With much love and gratitude,
Karen

my first mental health day

I took my first mental health day.

That day lasted a weekend.

And quite frankly, it was pretty much on and off all week, minus the times I had to do adult things to make sure the other worlds around me that are affected by me keep moving since I like being responsible.

During my first mental health day, I washed all my bedsheets, made my bed in the most proper way possible, cleaned the floors, cleaned my bathroom, wiped down my Vespa, fed Daisy (my starter), let my brain veg out to some TV (Netflix: Chef’s Table – Franc), pretty much try to reset all my senses, signaling a new direction I decided to move in. I nourished myself with the finest tea I own, spent the minimum amount of time needed to set certain things in order and sat on my porch swing. I let myself laugh; I let myself cry; I let myself feel nothing; I let myself feel everything. For me, if I were to figure some things out, I needed to allow myself to experience every emotion.

I can’t believe I procrastinated from a mental health day all the other times in the past when I should have probably taken one. I vow to more than make up for it going forward. I have emerged, with more clarity (not all the clarity) and a stillness I had never found before. I am very grateful for everyone’s offer to listen, to love, to care.

I will try something new. Maybe I will call them mental health hours, or minutes, or seconds.

 

Duplicating Dandelions

I made a wish with your sister the day before yesterday.
Yesterday, you gave me another wish.
Perhaps Mother Nature knew I had two wishes.

I wished for the future to feel love and to be loved.
I wished for those in the now to feel love and to be loved.

Because you breathe the same air I do, I know that you feel loved.

We are connected

I feel as if no matter how far in distance I am from you that the space is actually not far. I’ve gotten so many random messages:  of love, missing you, I’m always here for you, it’s not okay I haven’t heard from you in a while. 

My heart is heavy. It contemplates what its purpose is here on Mother Earth. It contemplates how it should extend love to others and self. It contemplates if past notions can be future notions. 
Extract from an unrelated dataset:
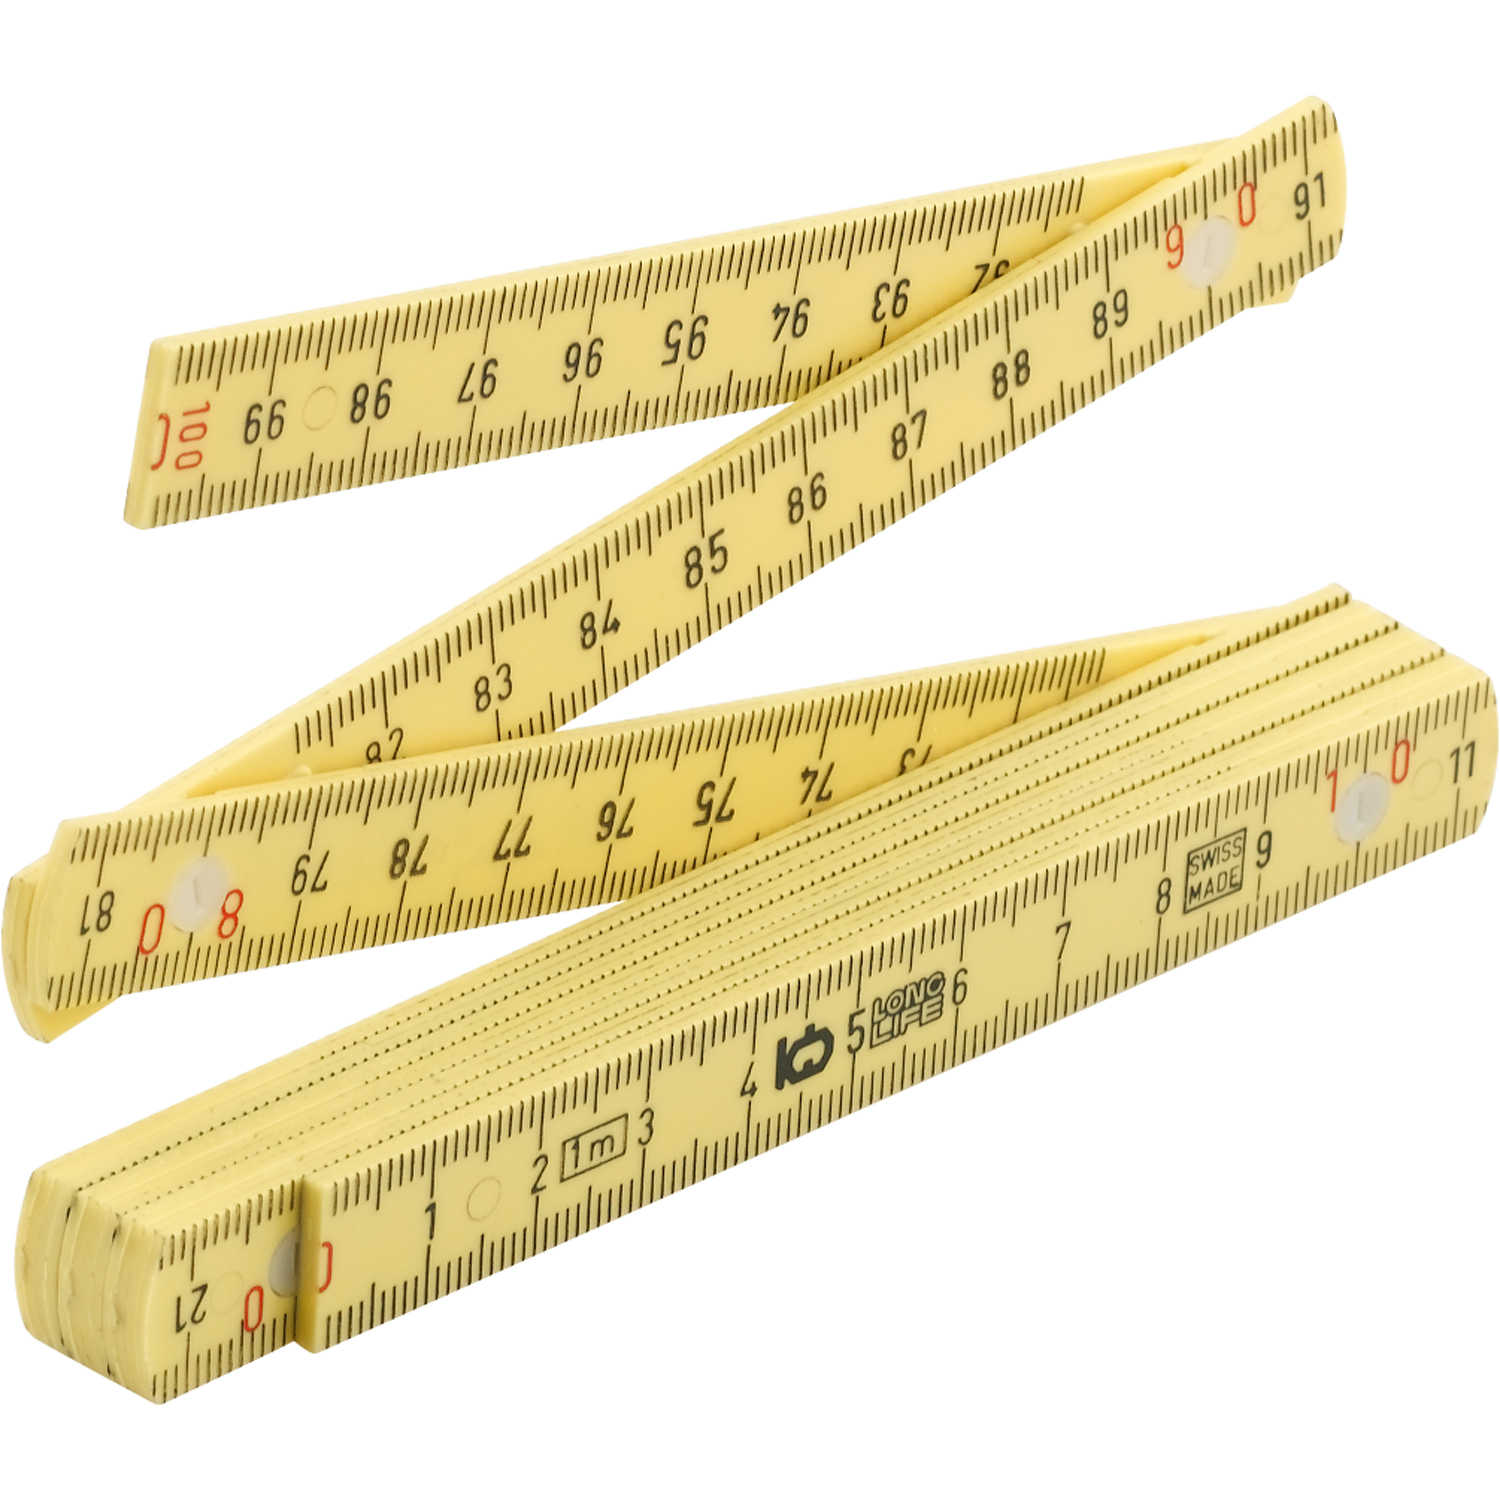 VILLCASE 5Pcs Carpenter Measuring Ruler Folding Slide Ruler Portable Measuring Stick Measuring Tool for Carpenters Woodworking

I am grateful for your ❤ and self. I promise to keep leading with my heart. It’s the only way I know how. 

Isha

She told me I looked good. Was it because I finally shaved my legs for the second time this year? Was it because I microplaned all the dead skin off my feet? Was it because I decided to stop protesting razors and have bare underarms for the first time in over half a year? Perhaps, it was because I felt good, healthy, wiser. Today, I showered for me. I dressed for me. I put on nice shoes and pearls for no reason but for me. I decided to love me.
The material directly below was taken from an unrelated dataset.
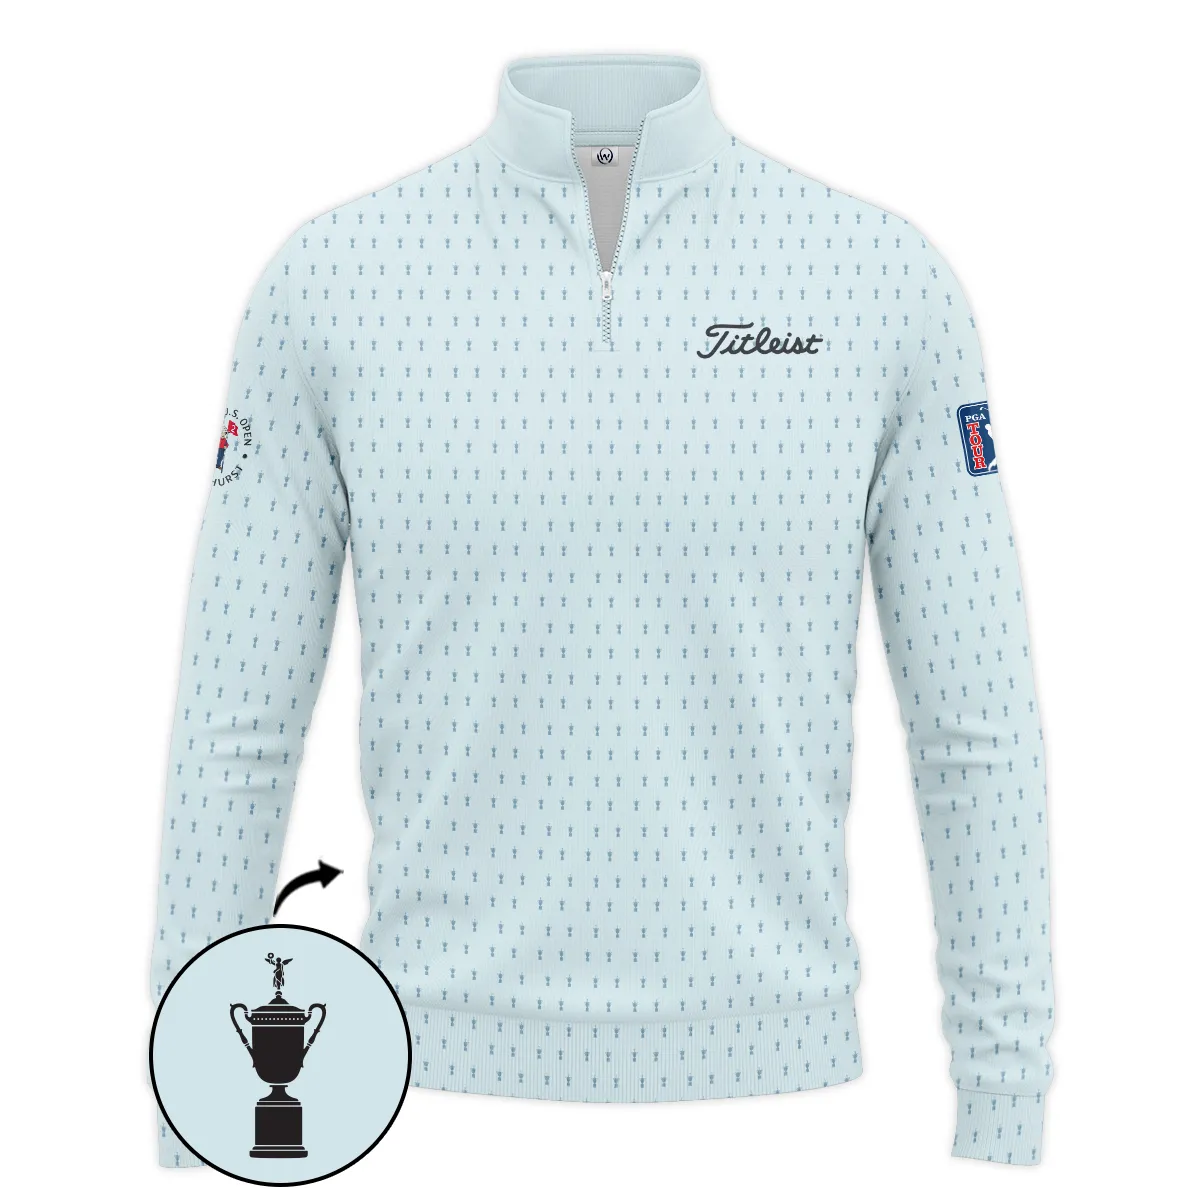 Golf Pattern Cup Light Blue Mix Green 124th U.S. Open Pinehurst Pinehurst Titleist Sleeveless Jacket Style Classic

Every woman should feel this way. Every man should feel this way. Every human should feel this way. We should build each other up so we can feel this way, to nourish the love that is sometimes deeply embedded inside us, struggling for its full expression. I made it a point to focus on self-care this year and I found my aspects of fullness.

From the Upanishads, the first of the principle is the “Isha.” Here is the opening prayer, known as The Perfect Prayer, translated by Easwaran:

All this is full. All that is full.
From fullness, fullness comes.
When fullness is taken from fullness,
Fullness still remains.

In the past, I found myself depriving myself of things because I felt guilty for having things. This wasn’t a very peaceful existence and definitely not the healthiest way to live in this world. I am practicing to rejoice in gratitude when I have things and rejoice when I am able to give those things to others.
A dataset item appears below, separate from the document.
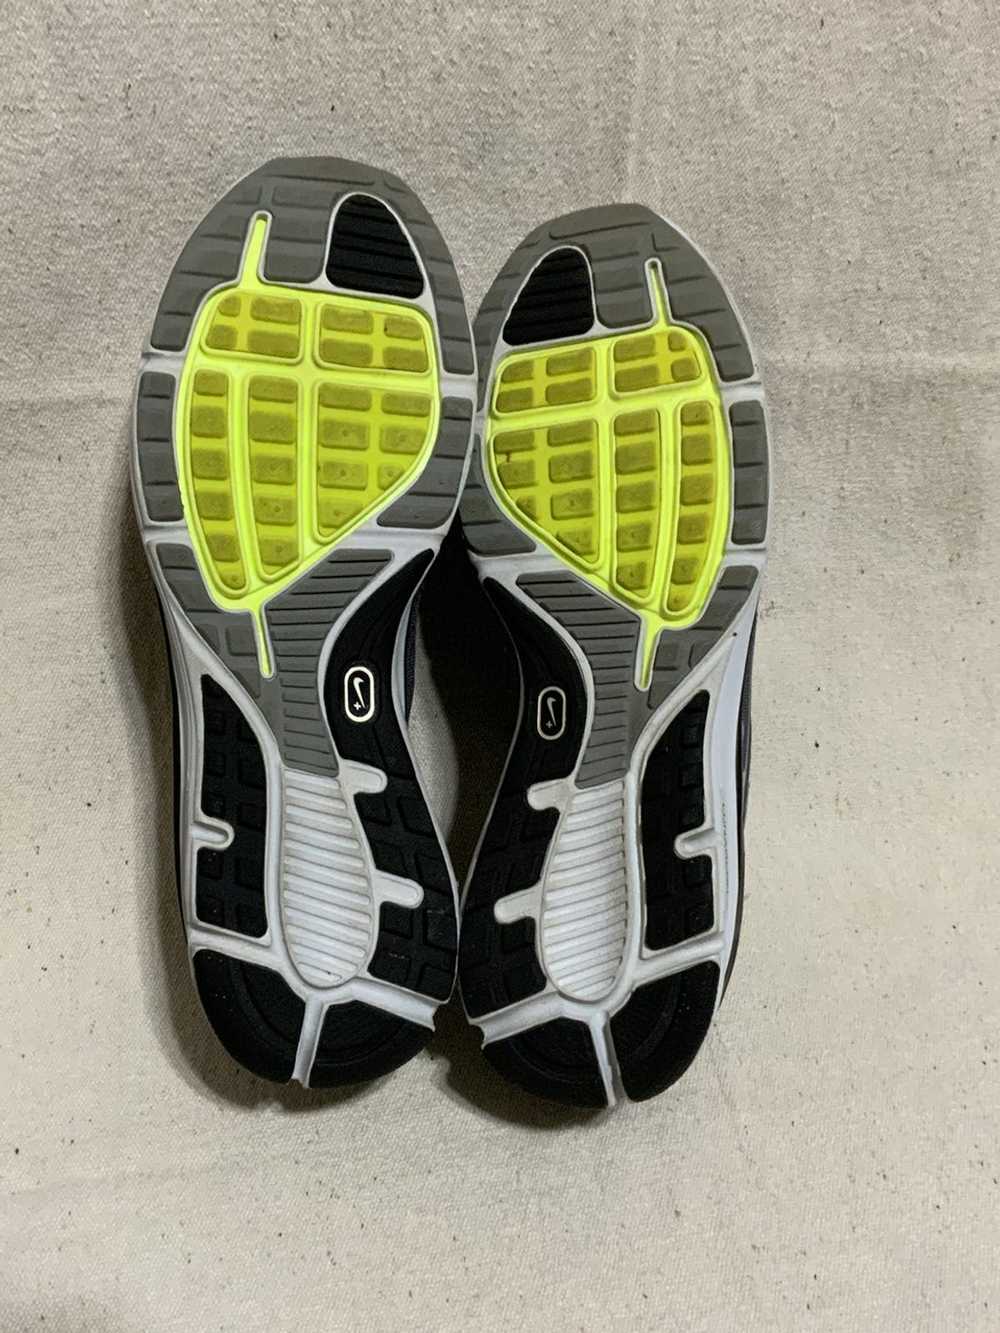 Nike Lunar Eclipse 3 running shoes - image 4

I find myself alone more often, quiet more often, sitting still more often, meditating more often. When my balance is off, I worry less. I look ahead, do what I know and ask for help in the things I am unfamiliar with. I’m currently a little unsure of what my short-term purpose is: if the things I have always desired are really meant for me, if I’m meant to live in the city I call home.

Angie, I’ve been contemplating a lot of things lately. It makes me more reserved for the time being. I know you know my full expression and wish to see it every day, but for now, this is me. I am not sad. I am just practicing to be grateful for the things that I have. It warms my heart that I have you.